BEGIN Data provided

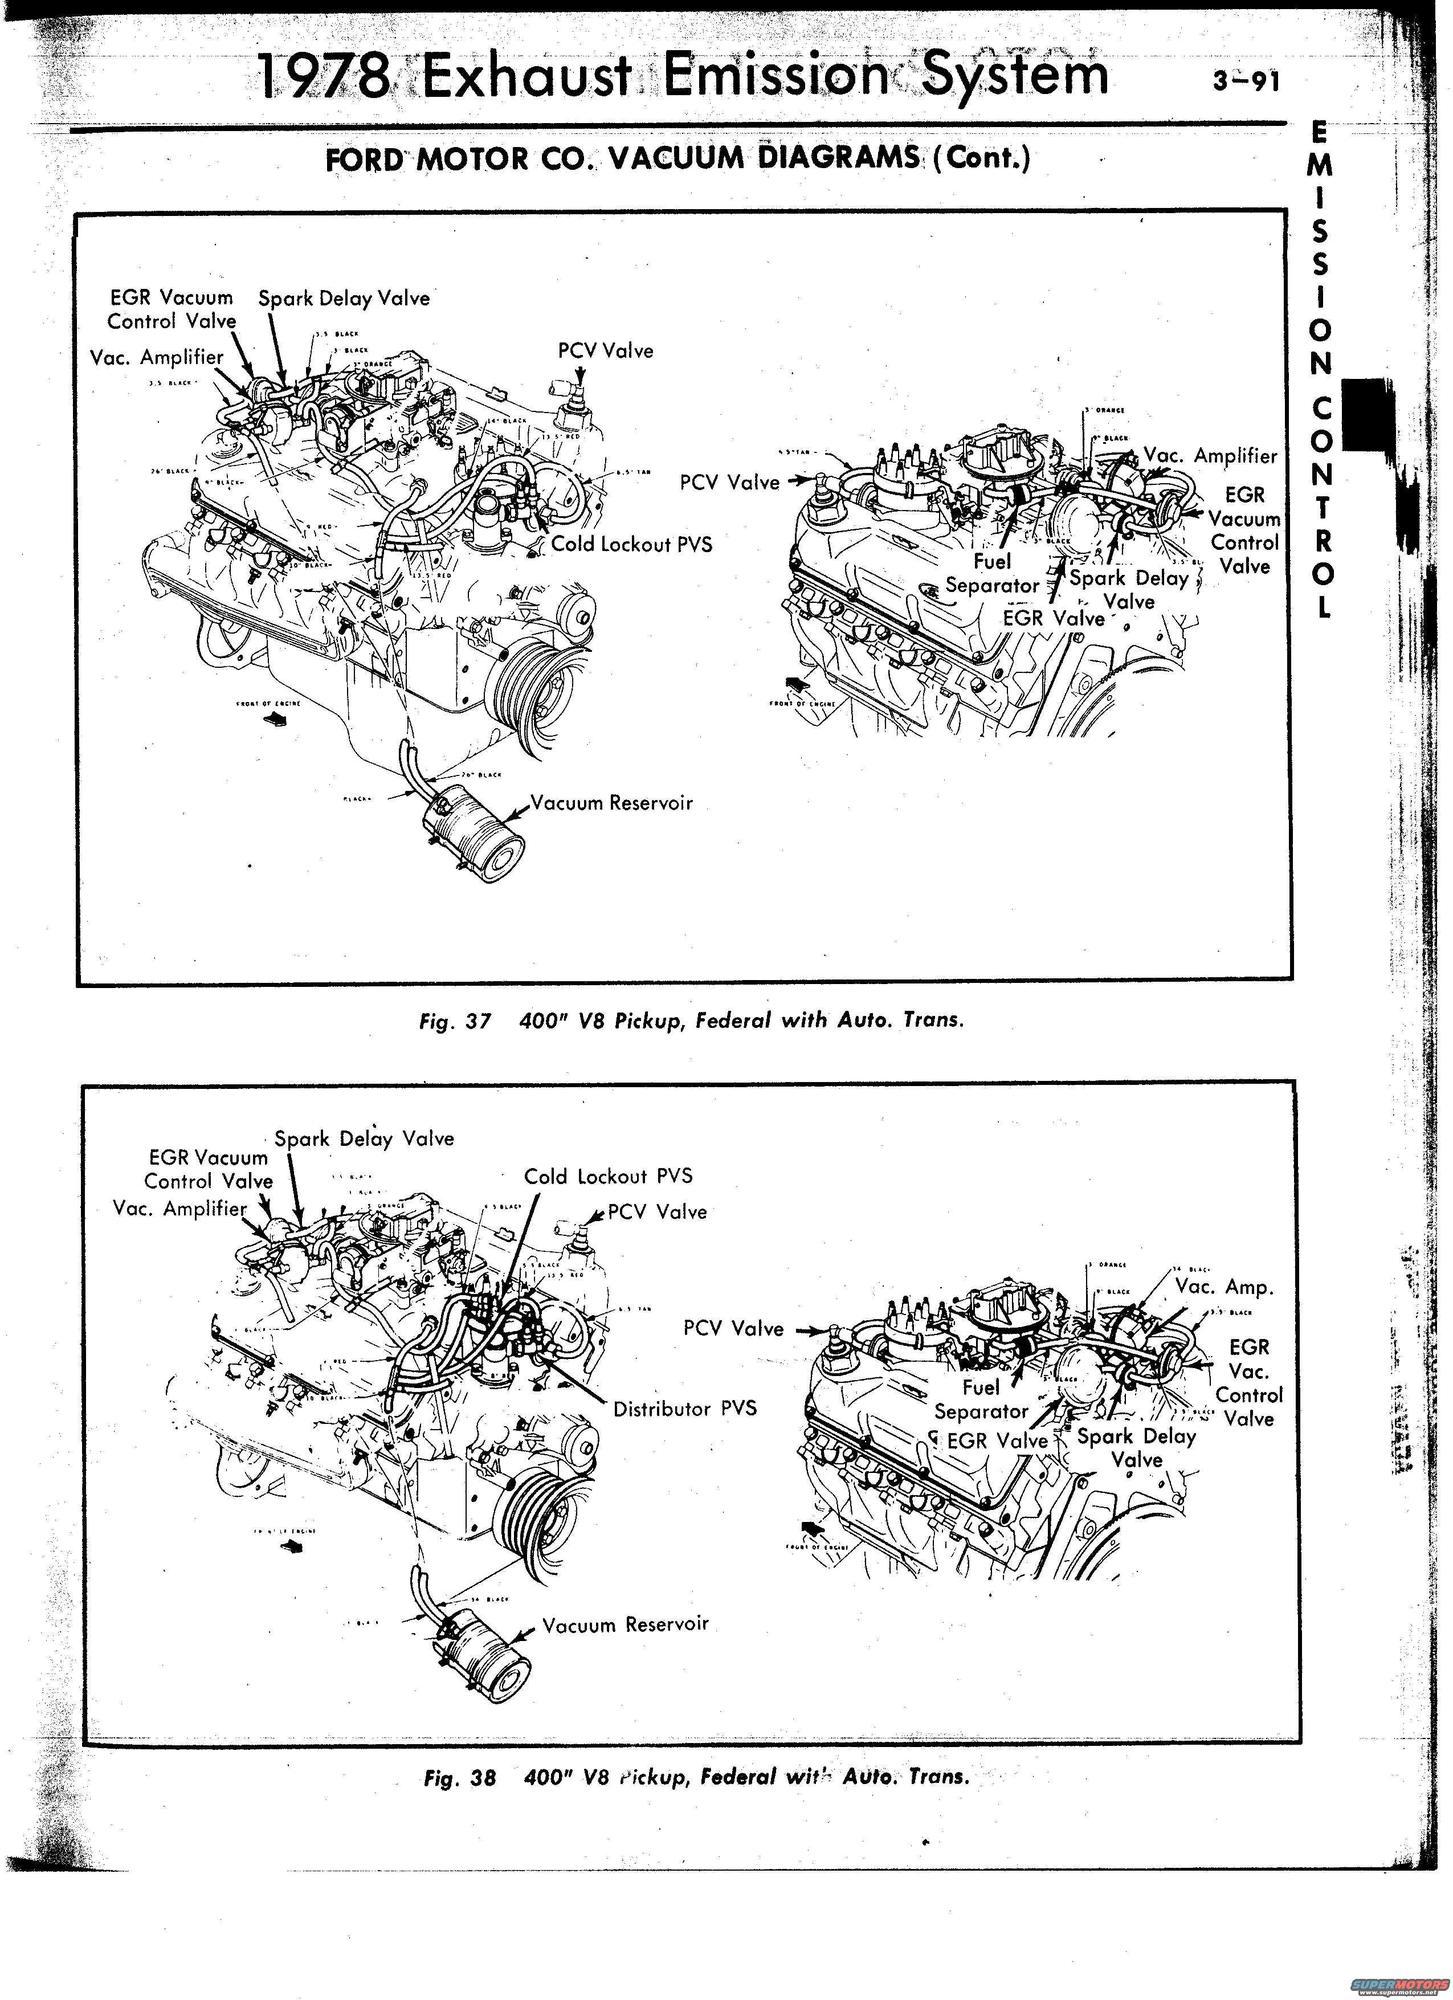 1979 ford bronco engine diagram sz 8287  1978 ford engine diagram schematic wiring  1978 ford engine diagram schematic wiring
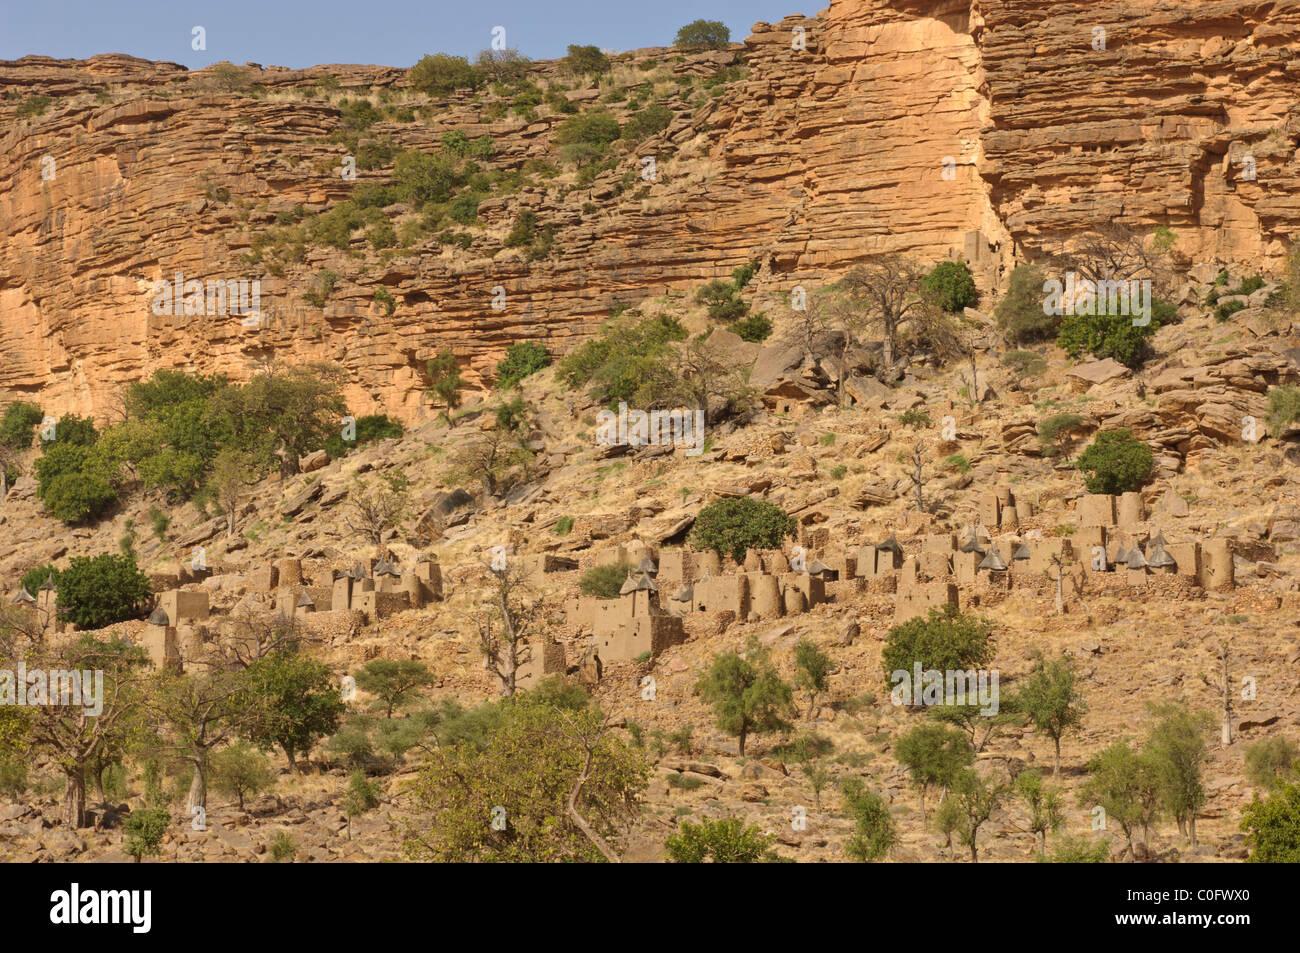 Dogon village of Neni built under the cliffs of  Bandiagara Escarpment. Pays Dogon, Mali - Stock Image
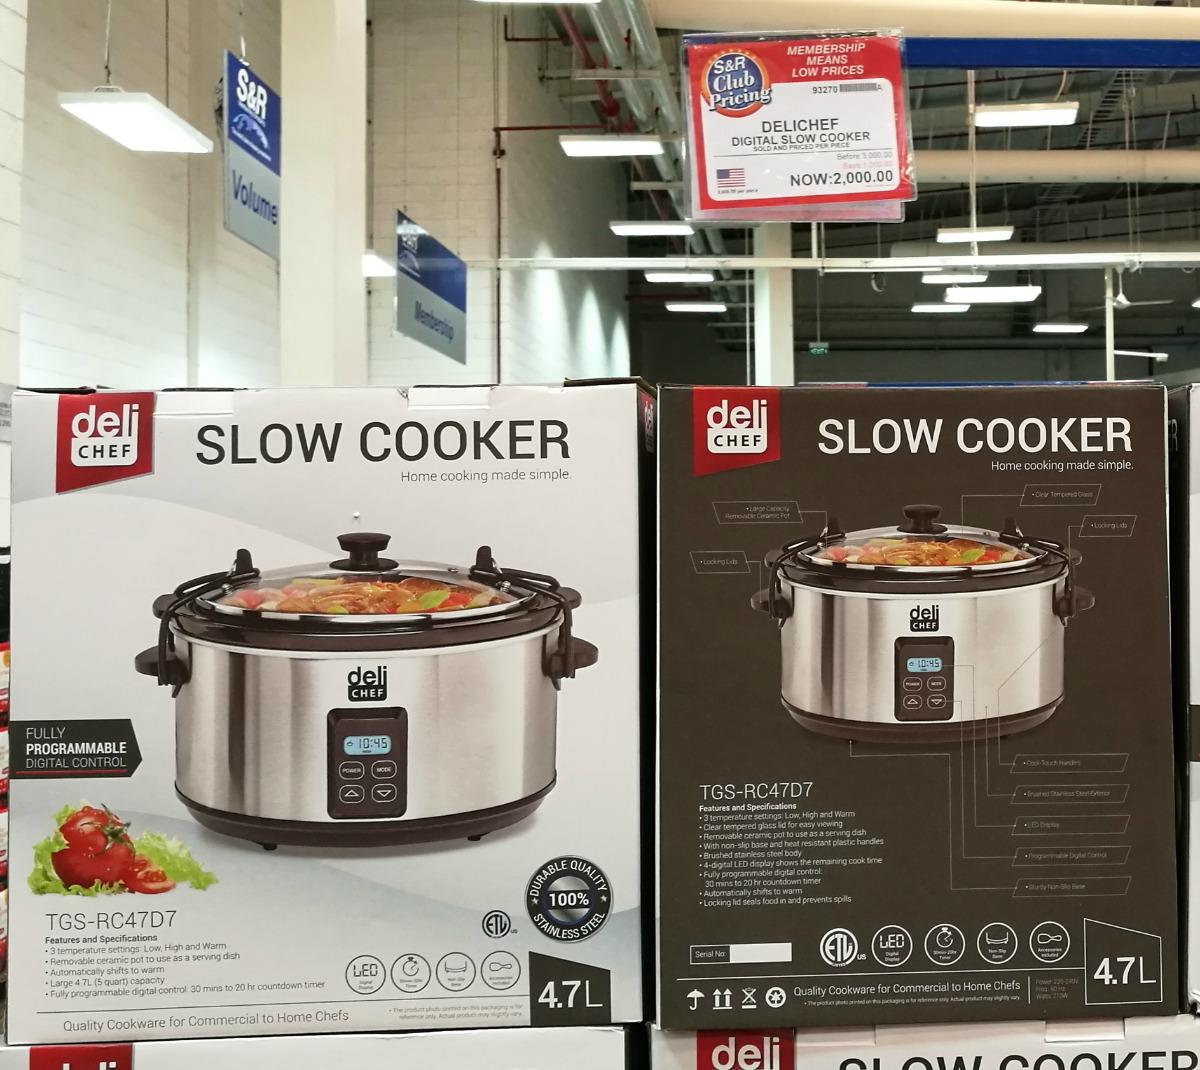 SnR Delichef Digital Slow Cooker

END Data provided

## The task
Print all the material above exactly, and drop the images.

## Answer box
 1979 ford bronco engine diagram sz 8287  1978 ford engine diagram schematic wiring  1978 ford engine diagram schematic wiring
 Dogon village of Neni built under the cliffs of  Bandiagara Escarpment. Pays Dogon, Mali - Stock Image
 SnR Delichef Digital Slow Cooker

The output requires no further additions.